For Indian startups and founders, this is good news on cost. Running AI models is expensive, and a 15 to 25 percent speedup on the same hardware can directly cut compute bills. Because the code is MIT-licensed and open, a small Indian team can plug it in for free, with no permission and no royalty. It also shows that a tiny team can outperform a chip giant’s own library, which is an encouraging signal for lean engineering teams everywhere.

Key facts

ItemDetail
WhoMoonMath AI
WhatOpen-source bf16 forward attention kernel in HIP
Target chipAMD MI300X (gfx942)
LicenseMIT (free, commercial-friendly)
BeatsAITER v3 on every tested shape and rounding mode
Avg speedup vs AITER v31.18× (RTNE), 1.15× (RTNA), 1.08× (RTZ)
Vs Modular MAX1.44×–1.49× avg, up to 1.59×
AccuracyWithin 1 bf16 ULP of AITER; deterministic
ReportedMarkTechPost, June 22, 2026

FAQ

What is an attention kernel in simple terms?

It is a small, fast program that runs the attention step, the core math that lets an AI model decide what to focus on. A faster kernel means the whole model runs quicker and cheaper.

Is the MoonMath kernel free to use?

Yes. It is open-source under the MIT license, so anyone can use, change, and ship it, even in paid products. It installs via pip as moonmath_attention.

Does the speed come at the cost of accuracy?

MoonMath says no. Its outputs stay within 1 bf16 ULP of AITER’s, match the same rounding rules, handle NaN and Inf identically, and are deterministic. In a real image-generation test it gave a 1.23× speedup with no visible quality loss.

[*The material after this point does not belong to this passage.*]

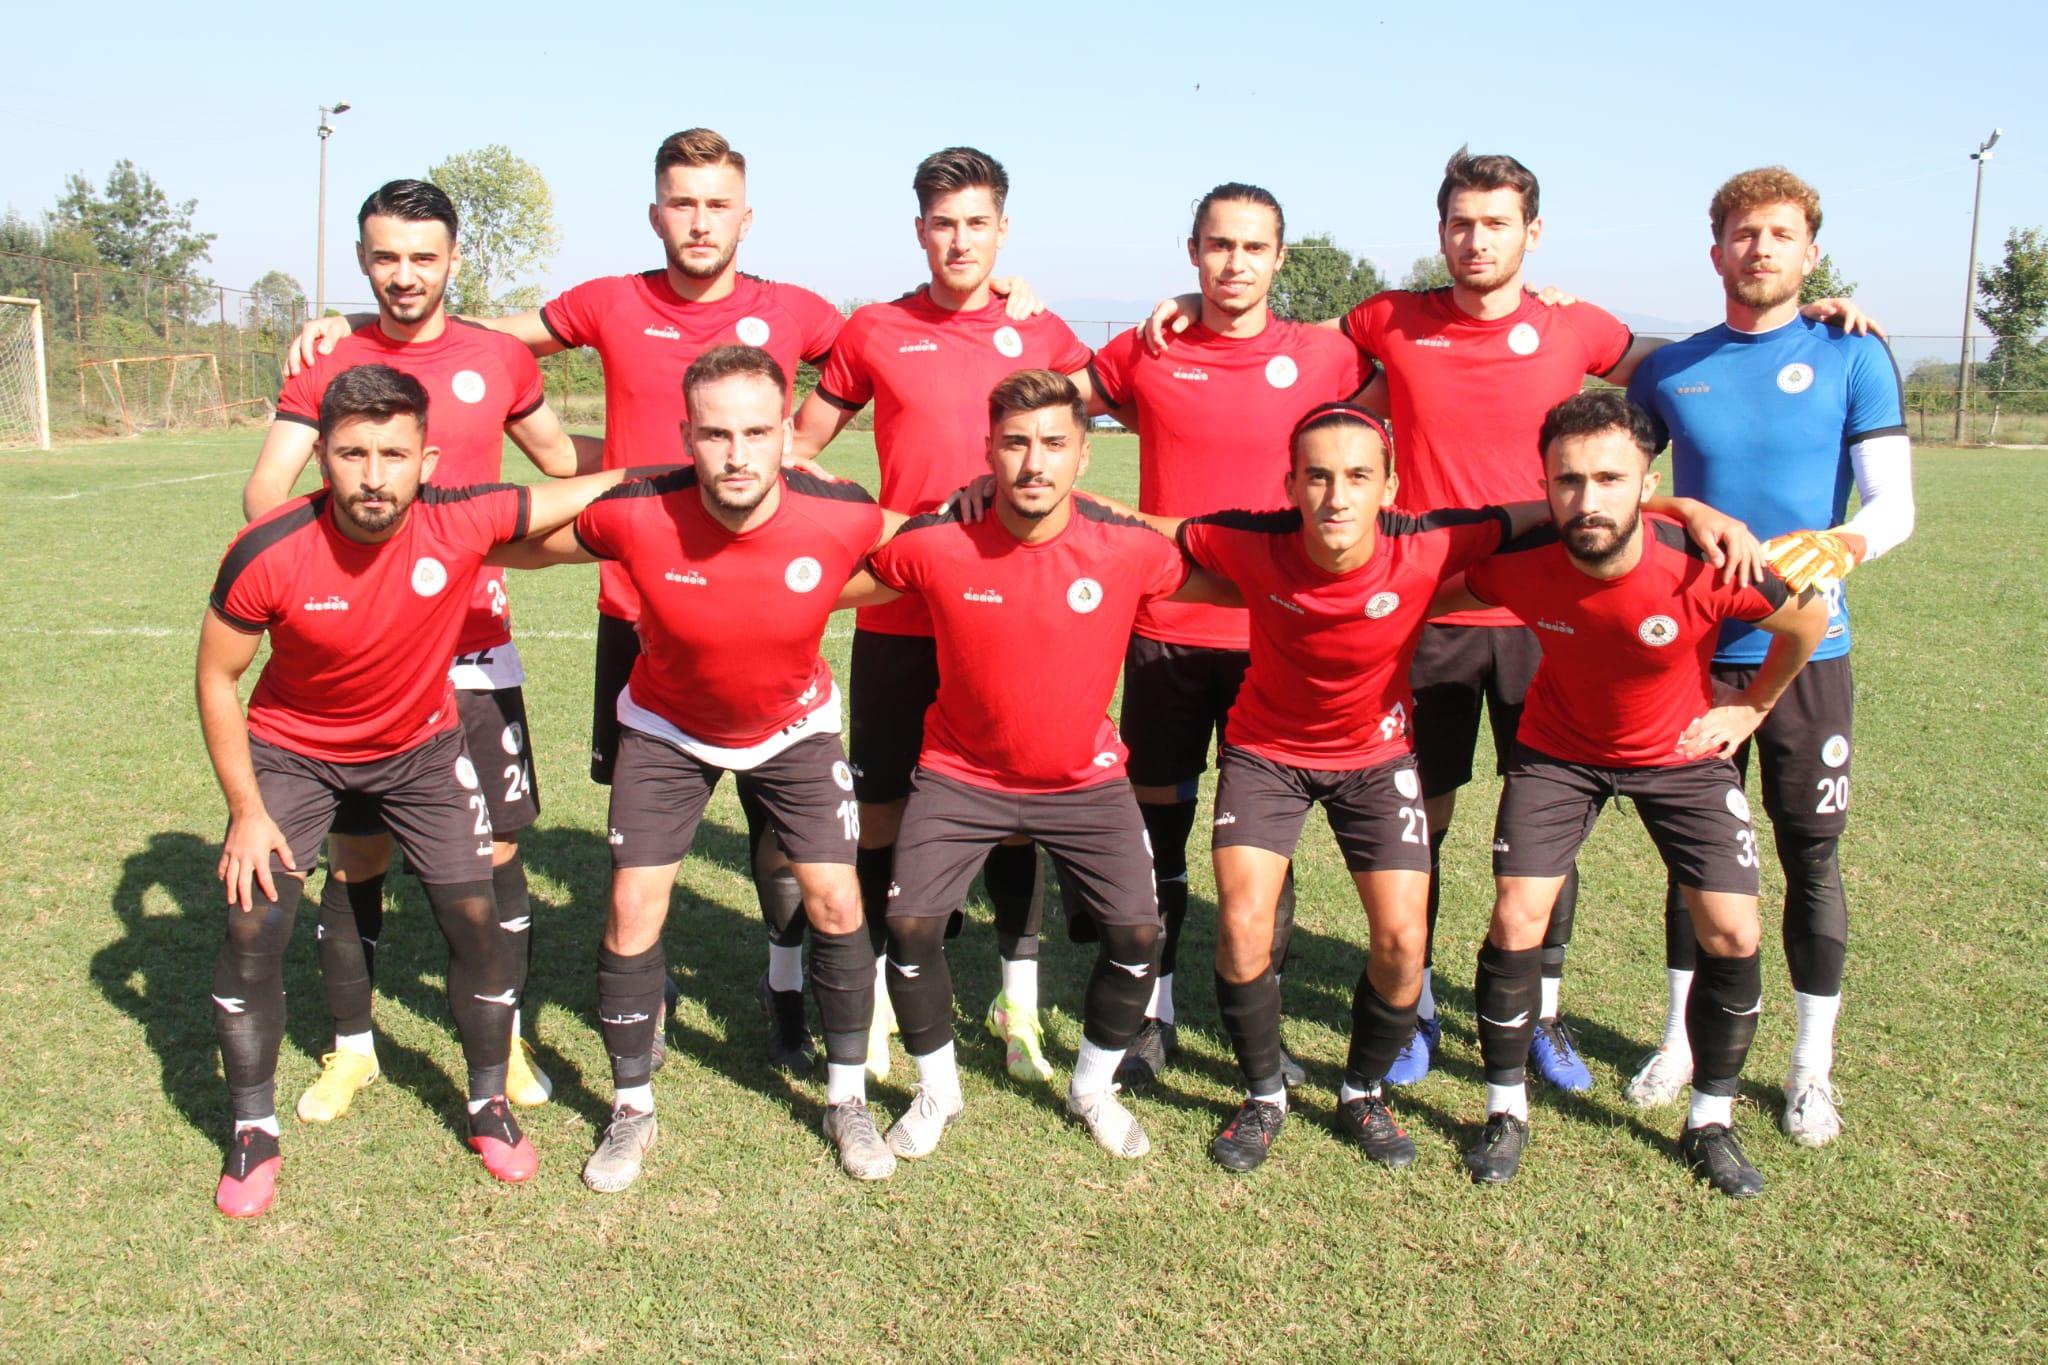 Hendekspor'da Hazırlık Maçında Gençler yer aldı

What are the kernel’s main limits?

For now it has no causal mask, no GQA, and no variable-length batching. The head dimension is fixed at 128. So it is fast and accurate, but focused on specific use cases rather than every scenario.

The takeaway

MoonMath AI’s open-source HIP attention kernel shows that AMD’s MI300X can run a key AI math step faster than AMD’s own AITER v3, while staying accurate to the last bit. It is free, MIT-licensed, and already proven on a real workload. For anyone building AI on a budget, including India’s growing pool of founders, more strong open software on AMD hardware means more choice and lower bills. The push to chip away at one company’s dominance, much like the broader race in AI models and memory chips, keeps gathering pace.